Vig P J, Desaiah D, Mehrotra B D
Department of Neurology, University of Mississippi School of Medicine, Jackson 39216.
J Appl Toxicol. 1990 Feb;10(1):55-7. doi: 10.1002/jat.2550100110.
The effects of organochlorine (O.C.) compounds, such as aldrin, dieldrin, endrin, isodrin, chlordecone and mirex, on calmodulin (CaM) activity were investigated. Changes induced by O.C. compounds on biological and physical properties of CaM were monitored in terms of phosphodiesterase stimulation and tyrosine fluorescence, respectively. None of the O.C. compounds altered tyrosine fluorescence of CaM in the presence of Ca2+. Except for chlordecone, none of the O.C. compounds inhibited CaM-activated phosphodiesterase (PDE). Chlordecone significantly decreased (P less than 0.05) CaM-activated PDE in a concentration-dependent manner without affecting the basal enzyme. Combination of chlordecone with W-7 (CaM antagonist) increased the inhibitory effect of W-7 on CaM activity. These results suggest that O.C. compounds may not be changing the tyrosine fluorescence of CaM. Among the O.C. compounds tested, chlordecone is a specific inhibitor of CaM-activated PDE.

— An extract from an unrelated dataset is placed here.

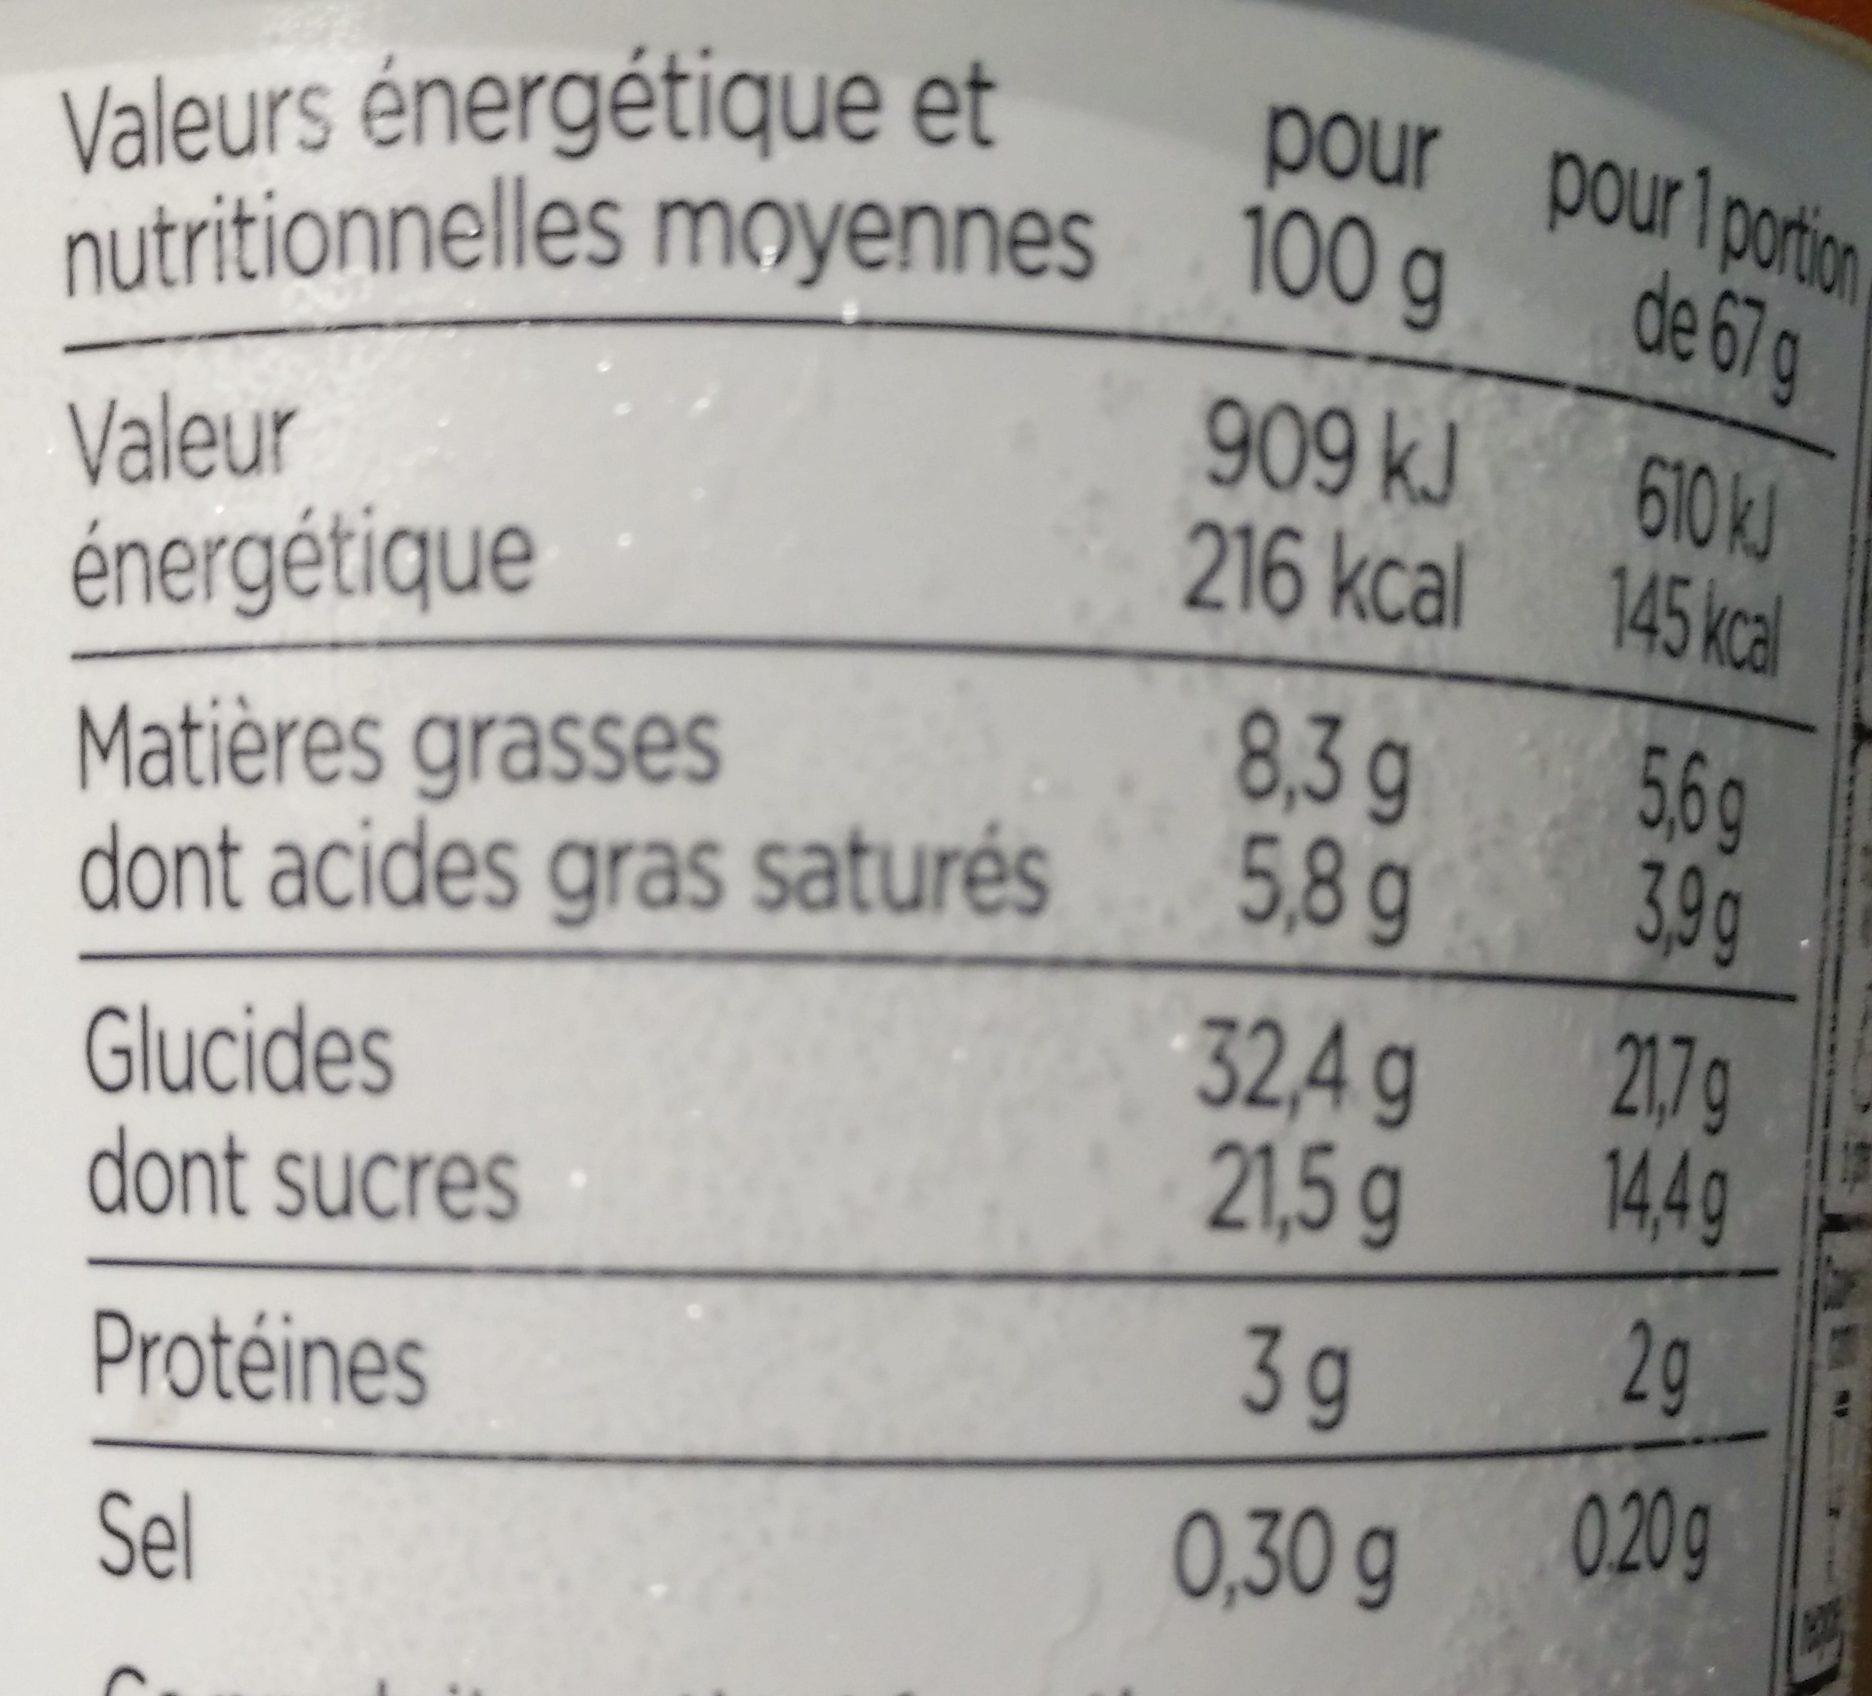 Crème Glacée Caramel, Sauce Caramel Beurre Salé et Éclats de Caramel - Nutrition facts
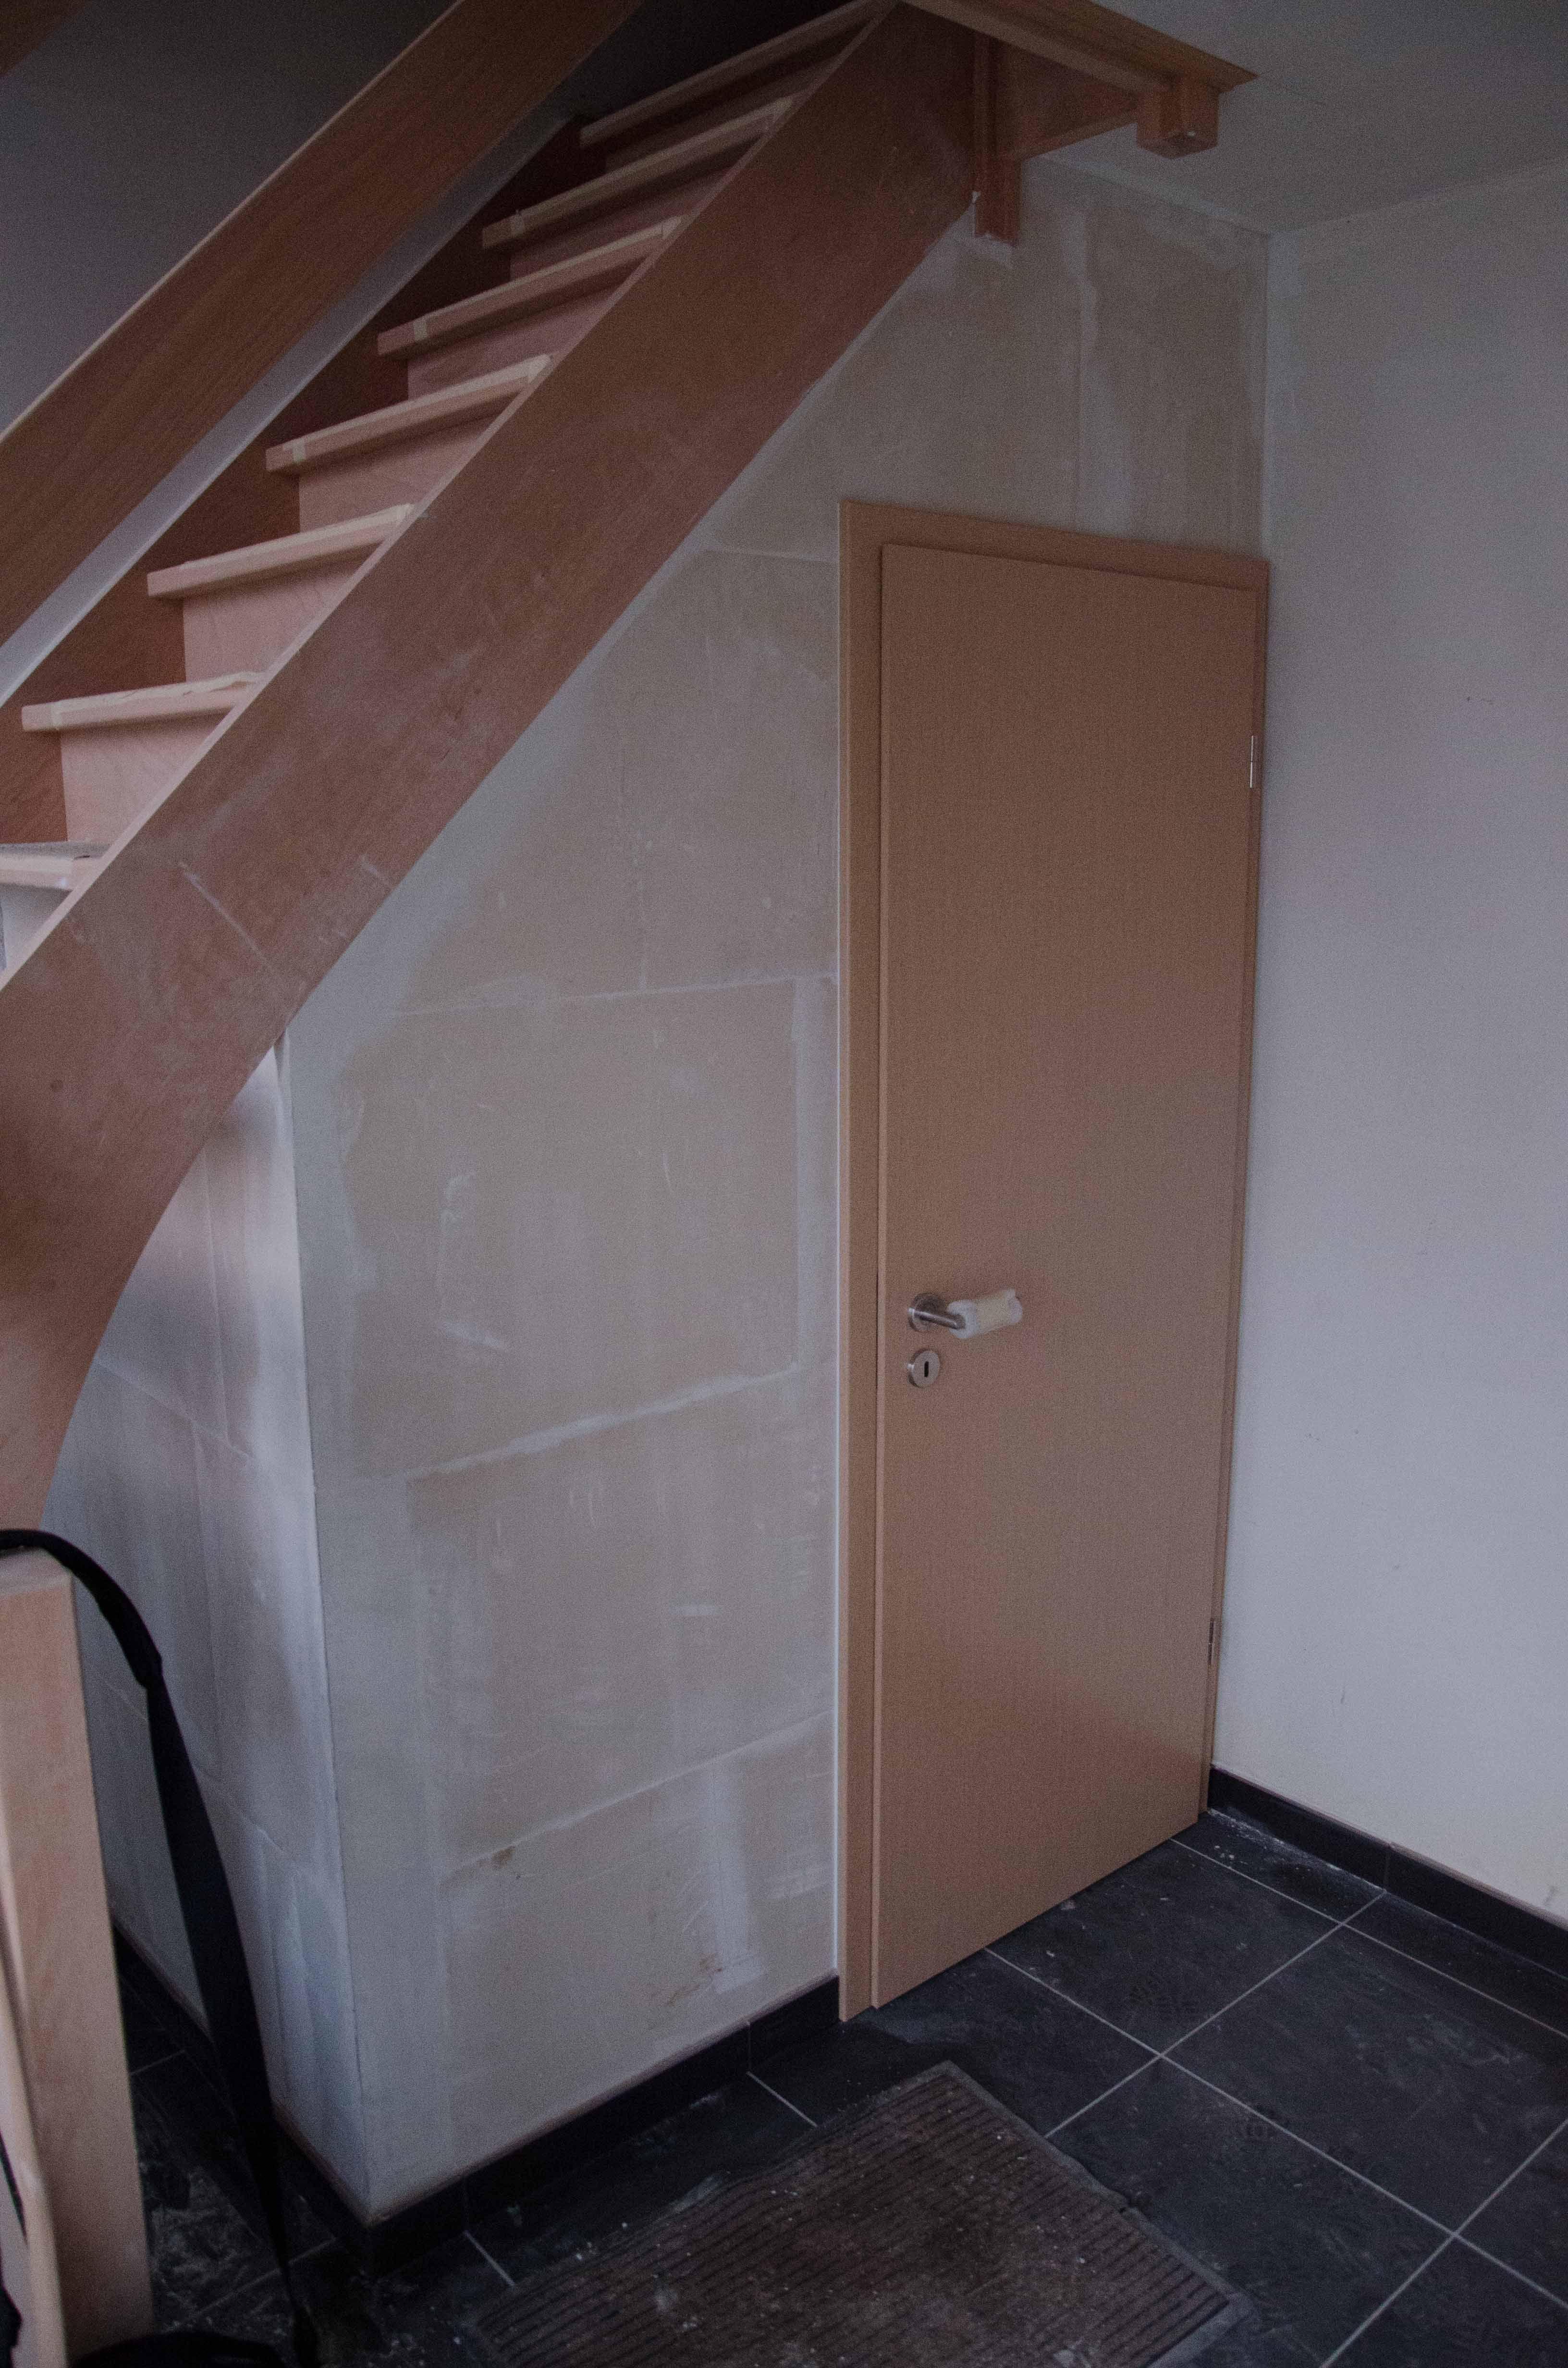 Toilettes sous escaliers recherche google escaliers - Decoration wc sous escalier ...

研究了有机氯(O.C.)化合物,如艾氏剂、狄氏剂、异狄氏剂、氯丹、十氯酮和灭蚁灵,对钙调蛋白(CaM)活性的影响。分别根据磷酸二酯酶刺激和酪氨酸荧光监测了O.C.化合物对CaM生物学和物理性质的诱导变化。在Ca2+存在的情况下,没有一种O.C.化合物改变CaM的酪氨酸荧光。除十氯酮外,没有一种O.C.化合物抑制CaM激活的磷酸二酯酶(PDE)。十氯酮以浓度依赖性方式显著降低(P小于0.05)CaM激活的PDE,而不影响基础酶。十氯酮与W-7(CaM拮抗剂)联合使用增加了W-7对CaM活性的抑制作用。这些结果表明,O.C.化合物可能不会改变CaM的酪氨酸荧光。在所测试的O.C.化合物中,十氯酮是CaM激活的PDE的特异性抑制剂。